To Catch A Mockingbird
For some 40 years, Harper Lee has
embraced a lifestyle reminiscent of Boo Radley, the unforgettable recluse she created in her only novel, To Kill
A Mockingbird.
Unlike mockingbirds, Lee sightings are rare; like Boo, it takes something special
to entice her to emerge. In 1993 she and 30 other University of Alabama female graduates were honored in Tuscaloosa. In 1997
she attended graduation at Spring Hill College in Mobile to accept an honorary doctorate. Her privacy was guaranteed, and
she did not deliver a speech. In May 2005, when she accepted an award from the Los Angeles Public Library, her only comment
was, "I'll say it again; thank you all from the bottom of my heart."
Nelle Harper Lee was born in
Monroeville, Alabama, on April 28, 1926, the youngest of Frances Finch Lee and Amasa Coleman Lee's four children. She
maintains that her novel is not autobiographical, that it simply evokes a time and place she knew well. She called it, "a
love story, pure and simple."
Her editor, Tay Hohoff, explained that the love pertains to Lee's love
of the South, a father's love for his children and the love they give in return. Her father unquestionably inspired Atticus
Finch, and Truman "Bulldog" Persons (later Capote), her diminutive childhood playmate, was clearly the model for
Dill, Scout and Jem's peculiar friend. Young Nelle and her older brother Edwin, like the fictional Finch children, often
watched from the courtroom loft when their father tried cases. Many Monroeville residents thought they found themselves or
their neighbors in Lee's book, but so did people in small towns across America. Some Monroeville townsfolk say Boo was
based on Son Boular. Son got in trouble as a teenager and his father thereafter kept him housebound. Described as gaunt and
pale, Boular died at an early age from tuberculosis.
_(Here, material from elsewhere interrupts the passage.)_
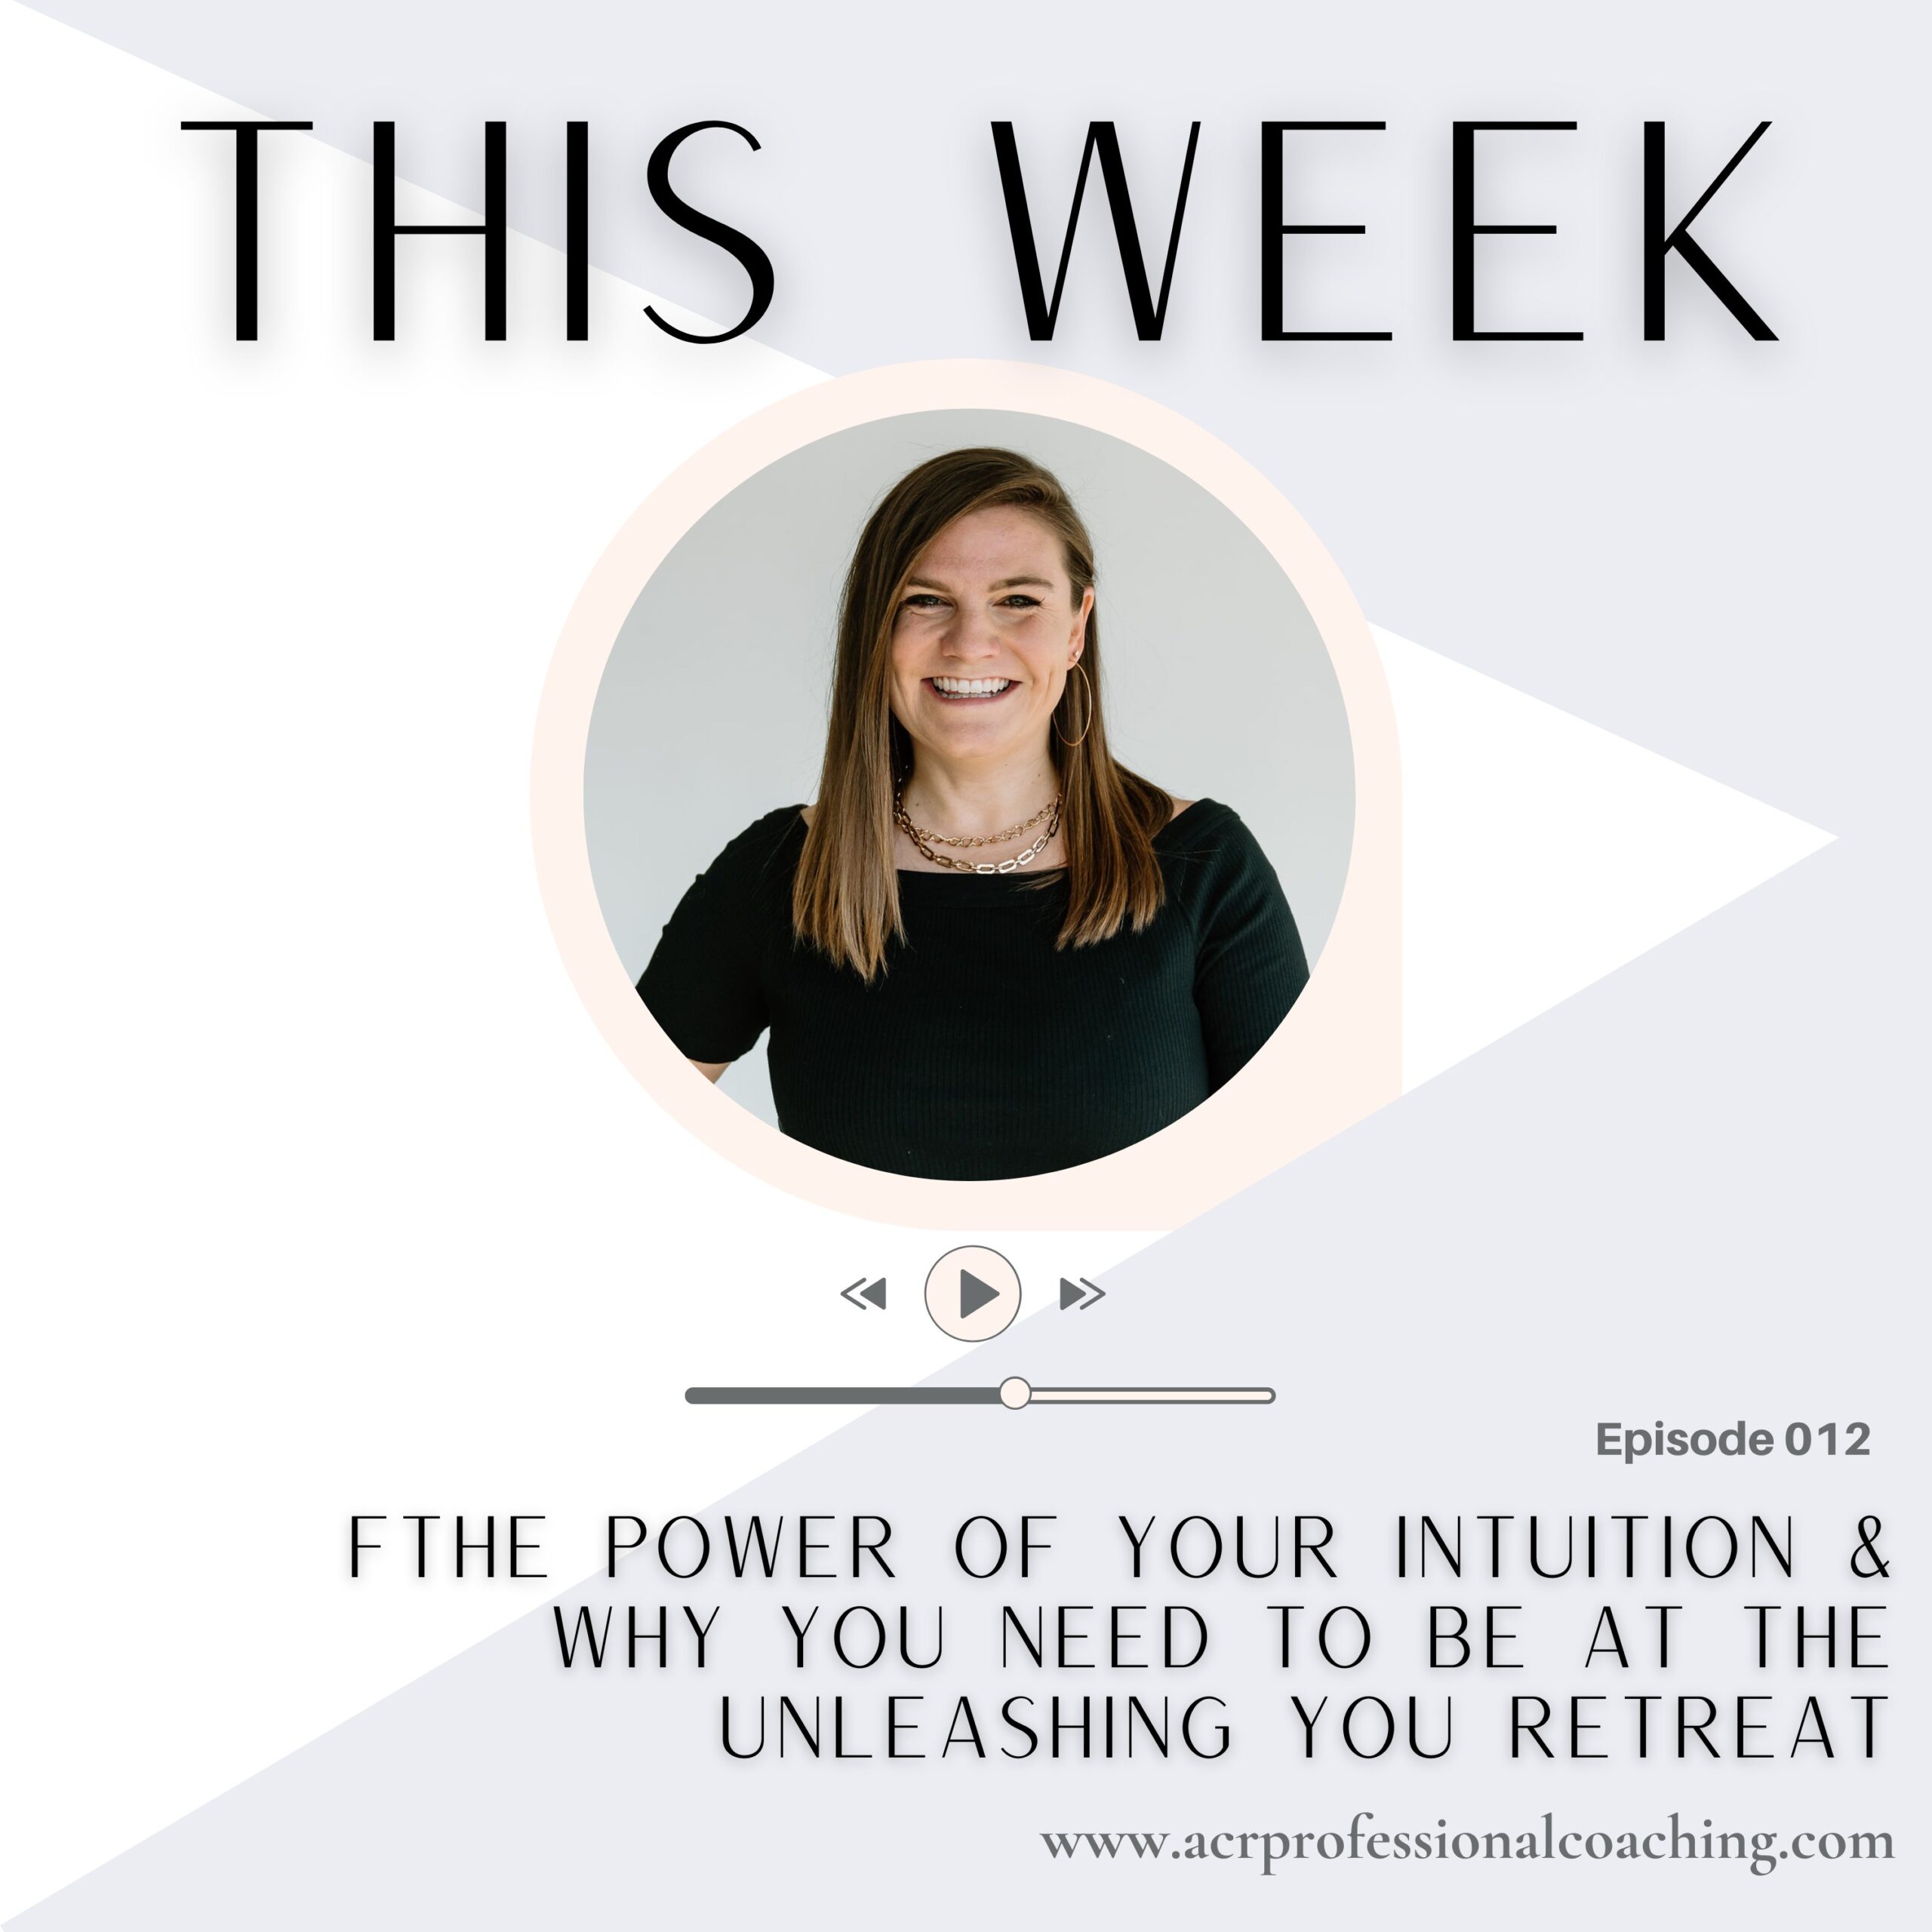 The Power of Your Intuition & Why You Need to be at the Unleashing You Retreat

In the early 1950s, just short of a law degree from the University
of Alabama, Lee moved to New York City to write. She once said To Kill A Mockingbird was like Topsy;
it just grew." The J. B. Lippincott editors liked the manuscript, but thought it shapeless. A Christmas gift of money
from friends enabled Lee to take time off from her job at an airline to revise the book. Finally one editor said, "It
might not sell even 20,000 copies, but we love Nelle."
Lippincott published Mockingbird in 1960, and what
followed is every writer's dream; except, it seems, Harper Lee's. Book reviewers touted 34-year-old Lee as the next
William Faulkner or Flannery O'Connor. Time magazine hailed Scout Finch as the most appealing
child since Carson McCuller's Frankie in "A Member
of the Wedding."
Publication came at the onset of the civil rights movement. Told in honest,
provocative, easy to understand prose, Lee's depiction of racial segregation and discrimination in the South opened the
eyes and minds of Northerners and Southerners alike. Writer Mark Childress believes Mockingbird did more to alter Southern
attitudes about race than any other work of art in the 20th century.
Within a year of publication, over a half
million copies had sold. The book spent 80 weeks on bestseller lists and was serialized in Reader's Digest.
Lee won the Pulitzer Prize, the National Book award and a string of other honors. Today there are 30 million copies
of Mockingbird in print; it has been translated into 40 languages and is assigned reading in many schools. First Editions
bring high prices at auction.
Popular with ninth grade students, the reasons given were that it fit with
a growing realization that life is not a fairy tale, and they admire the moral fiber of Atticus Finch. One Northern Virginia
student said, "It taught me to see other points of view." Another said, "It speaks to small town ideals and
racism, important topics."
Gregory Peck, who played Atticus in the movie, called it his favorite role.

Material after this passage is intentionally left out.